I agree that there should be more information available to authors about the process (this blog is part of my efforts toward that end).

But we send royalty statements with sales data every six months. That is not what I would call "rarely".

And experience has shown that it's not as simple as passing out a standardized guide to publishing. Books vary a great deal in the way their timeline plays out, and in how much the author is involved.

And we work with many different types of people, with different learning and communication styles. The guide to publishing that would work for you and for your book wouldn't work for other authors and other books--indeed, it would cause MORE confusion and cost us more time in explanation with some authors.

Because publishing is such an unpredictable and human process, the only real way for each author to feel they know what's going on at every stage is for them to be able to talk to their editor whenever they like-- the way you can talk to a doctor whenever something's bothering you.

This works for doctors because they can charge you (or your health plan) for the time your questions take. Editors cannot. If authors were willing to pay editors for their time every time they have a question about their books' health, we could work something out.

Failing that, we just have to try to keep you as informed as we can, while making all the other work we do the higher priority. Because it's that work that's paying the publishing house for our time.

I don't mean to sound unsympathetic. I would dearly love to make sure all my authors are as informed and happy as possible. My authors' happiness means a lot to me. The stark fact of the industry, though, is that I will never have the huge amount of time for that that it would require.

emay said...

Well, maybe the problem is that authors are seen as outsiders and nonessential to the process. Imagine if you had to do your job under the same conditions. The designer just doesn't have time to tell you that the sketches have come in, so you don't get any input. The printer can't see any reason why you should check proofs, since it would go so much more smoothly without editors pointing out picky errors. The publisher has a whole publishing company to run and certainly can't find time to tell you which of your books are doing well and which are not.
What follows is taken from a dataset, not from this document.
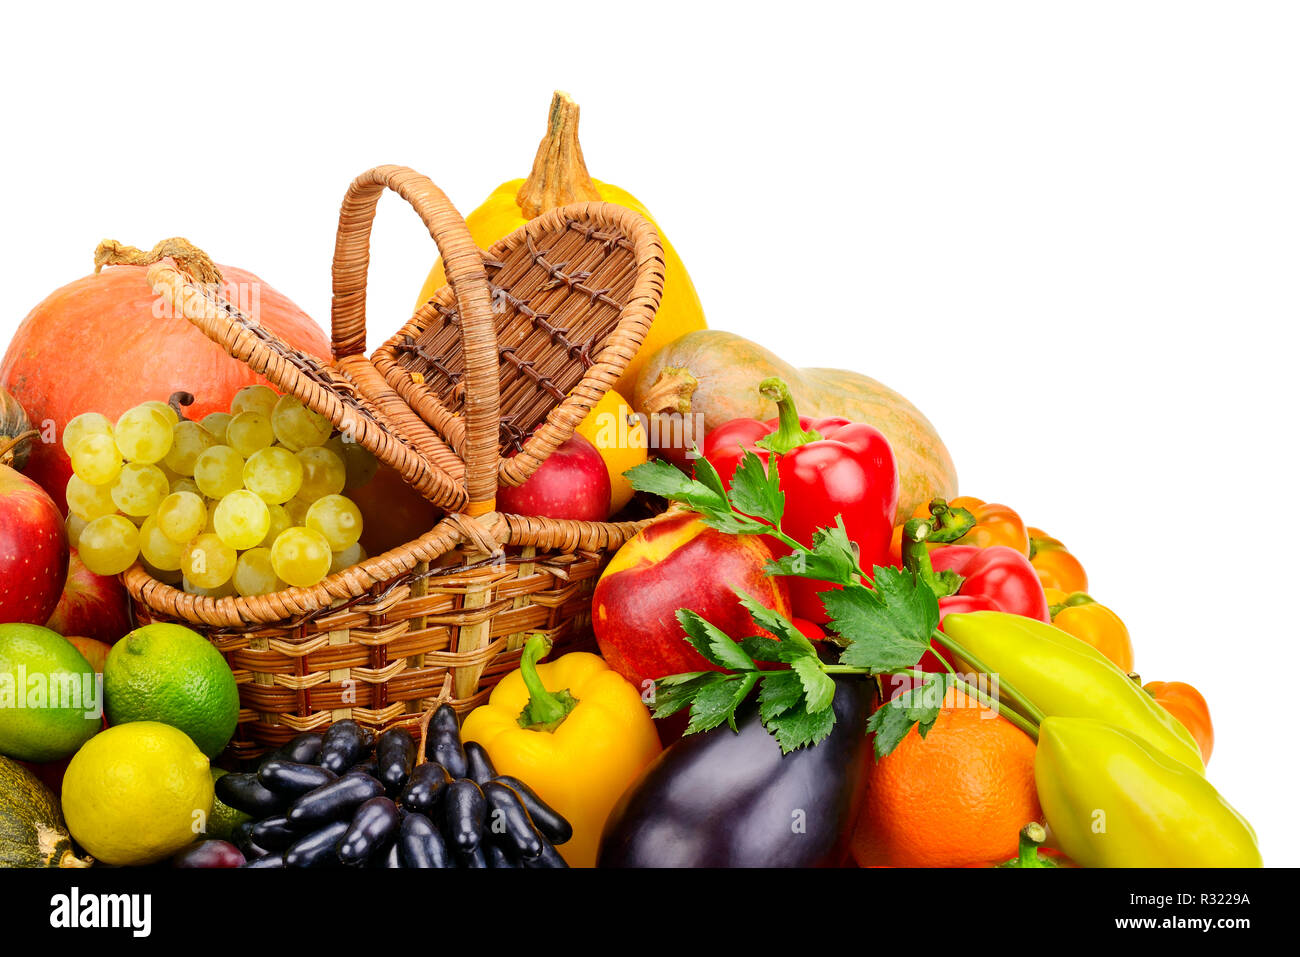 Diferentes verduras frescas como fondo, vista superior Fotografía de stock  - Alamy

The reality is that just being in the office means being privy to lots of crucial information that the author, who is at the core of the whole thing and has the most at stake, doesn't know anything about. What a strange way to run an industry!

I'm sorry if I sound like a total jerk. I hugely appreciate your taking the time to answer my question at such length--not to mention taking the time to write this blog. But when I see some of the publishing disasters that come from authors and illustrators being left out of the process (example: a picture book printed with the completely wrong palette because the illustrator didn't get to see the proofs), it kills me. We are all so terrified of offending our editors that we rarely dare to ask what's going on, and certainly never complain. And as a result, editors think there's no problem. But there is.
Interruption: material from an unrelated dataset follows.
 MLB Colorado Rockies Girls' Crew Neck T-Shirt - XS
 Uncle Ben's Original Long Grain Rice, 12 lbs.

Editorial Anonymous said...

Well, if you mean that your editor isn't involving you in the publication of your book, then you're working with the wrong people. In the same way that the designer should certainly let me know the sketches have arrived, your editor should be letting you know that the copyedits have come in, and should be sharing the proofs with the artist. Those are both important steps in our respective roles in the process. If that's what you're talking about, you are preaching to the choir.

You don't sound like a jerk. (Let me tell you, some authors are NOT shy about questions AND complaints.) But how your books are doing, more frequently than the information you get every six months in your royalty statements? I don't understand how that information would make a significant difference to how the book does. Whereas supplying that information would make a HUGE difference to how effectively we'd be able to do our jobs.

emay said...

I guess you're right. Maybe I shouldn't lump that in with all the other types of noncommunication.